There is a similarly touching melancholy in the way Madeleine tries to understand her relationship with Leonard through her newfound knowledge of semiotics: “it was during this period that Madeleine fully understood how the lover’s discourse was of an extreme solitude. The solitude was extreme because it wasn’t physical. It was extreme because you felt in the company of the person you loved. It was extreme because it was in your head, the most solitary of places.”
However, while this is a particularly elegant portrayal of Madeleine’s desire to be loved and its interaction with her academic interests, Eugenides does not seem to think deeply about his own signifiers, and at times his reliance on stereotypes detracts from the novel’s originality. He writes: “The university’s ‘British and American Literature Course Catalog’ was, for Madeleine, what its Bergdorf equivalent was for her roommates.” Despite a degree of superficial irony here, the characters of “The Marriage Plot” never transcend their origins as well-established literary types. Madeleine is a sexy, bookish WASP; Leonard a brooding, disturbed young man; Mitchell a wandering spirit. The portrayal of Mitchell is the most annoying: he journeys to India to find himself, but has to come back to Madeleine in order to really change. The novel is self-conscious about this problem, and Eugenides seems to suggest that these characters are supposed to be types. Yet that does not make his clichés of class any more interesting. In this vein, the fact that Eugenides is a middle-aged man writing about what it means to be a college woman is somewhat problematic. His heavy reliance on stereotypes to develop Madeleine’s thoughts and personality seems to suggest an implicit sexism.
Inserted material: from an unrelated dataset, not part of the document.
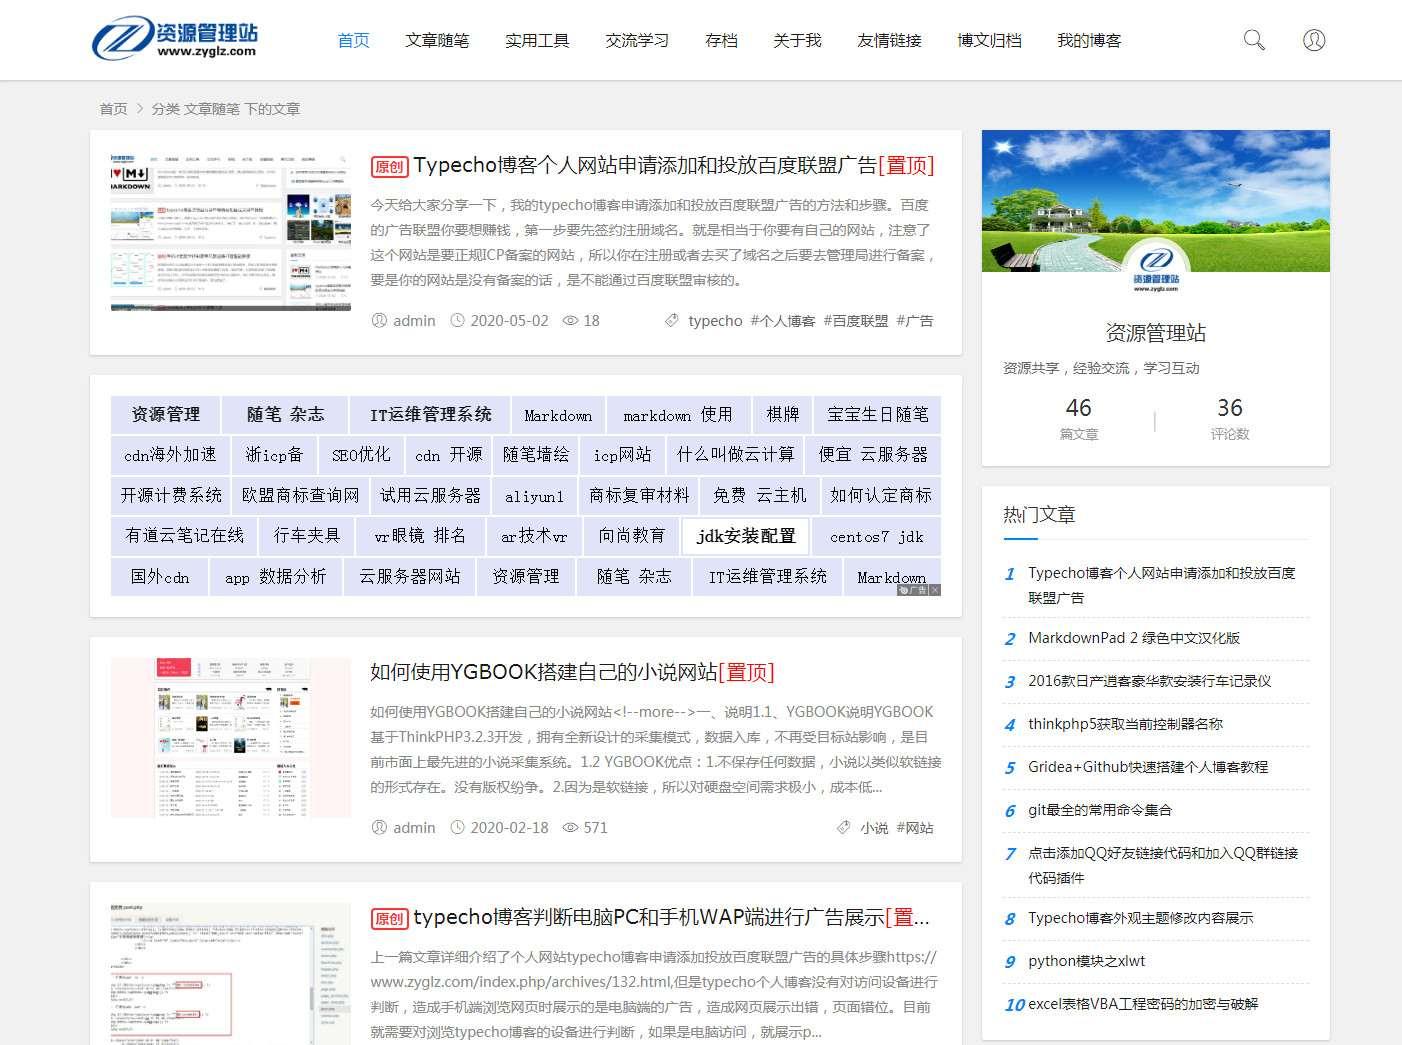 Typecho博客判断在第几篇文章后添加广告

Despite these issues, ”The Marriage Plot” is rescued by its humorous sensitivity. It is full of moments that any current or former humanities major will enjoy. “Who’s your father?” one of Madeleine’s love interests asks her. “Is it Virginia Woolf? Is it Sontag?” When Madeleine responds that her real father is her father, her boyfriend responds: “Then you have to kill him.” When she in turn asks him who his father is, he says: “Godard.” One can’t help but wonder, though, if writing this essentially classical novel about the problem of being young and in love was Eugenides’s way of killing his own literary fathers.